"Ohio Decision Marks Victory for Oil and Gas Producers"

Litigation Alert
April 22, 2014

Bowles Rice is pleased to announce a recent Ohio decision in which landowners were trying to challenge old leases and, specifically in this case, test the implied covenant to reasonably develop the strata below those formations currently producing.  The Court held in favor of the leasehold owners, who owned the "deep rights" and were represented by Bowles Rice lawyers Robert Bays and Bret McNab.


In an action seeking declaratory judgment as to the leasehold rights for those formations below the Germantown Sand Formation (the "deep rights"), an Ohio court ruled that there was no breach of the implied covenant to reasonably develop or abandonment of the "deep rights" when production is found in "paying quantities" on those formations located above the Germantown Sand Formation (the "shallow rights").

The issue raised before the Court of Common Pleas in Washington County, Ohio, was whether shallow well production was sufficient to meet the implied covenant to reasonably develop by the leasehold owner of those "deep rights," where the secondary term of the leases was for "as much longer as oil or gas is found in paying quantities thereon."  Plaintiffs Gary D. Marshall et al. claimed that they were entitled to forfeiture of the "deep rights" for failure to develop or by abandonment.

Specifically, Plaintiffs own real property in Liberty Township, Washington County, Ohio, totaling 99 acres. The tracts are subject to two oil and gas leases, dated 1901 and 1903, currently held by the production of 15 wells in "paying quantities" by Sandbar Oil & Gas Company from the surface to the bottom of the Germantown Sand (approximately 1200 feet).

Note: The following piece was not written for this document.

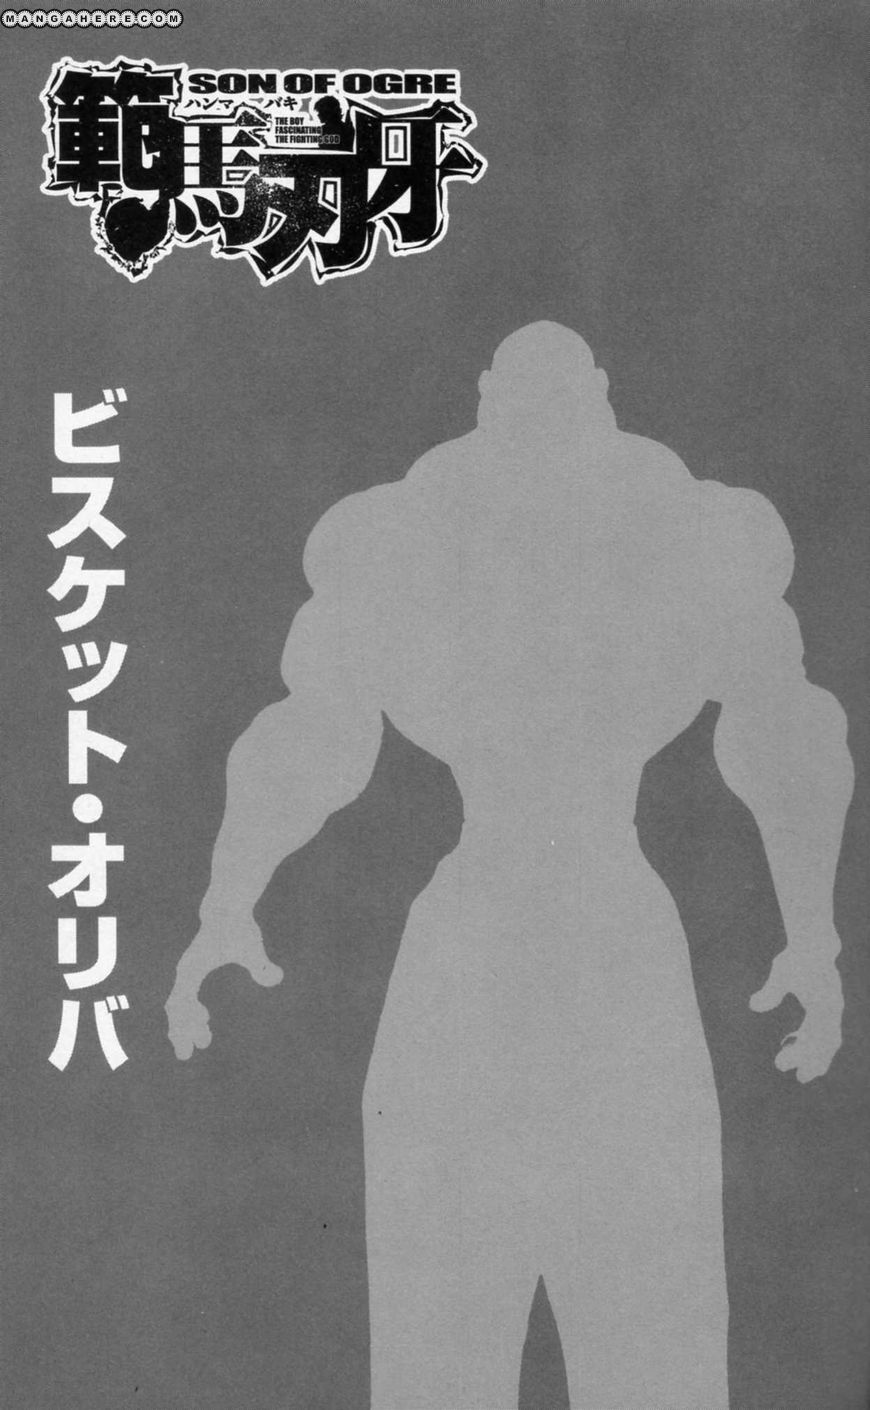 Baki - Son Of Ogre 177 Page 2

Judge Randall G. Burnworth granted summary judgment to Defendant Baron Kidd and heirs, ruling "none of the parties in the early 1900s could have foreseen the current development of shale.  The reservation of the 'deep rights' by the assignors in the 1960s was indeed fortuitous to the heirs. Until the Ohio Supreme Court rules otherwise, parties in this situation will be bound by the terms of agreements made by their predecessors."

"The Court finds that reasonable minds could come to but one conclusion and that is that the original leases are still valid and in full force and effect as to all depths and all formations," Burnworth said.

The ruling marks a significant victory for oil and gas producers against landowners seeking to terminate those portions of oil and gas leases covering the "deep rights" because of an alleged breach of the implied covenant to reasonably develop or abandonment of the "deep rights" when only "shallow rights" are currently being produced.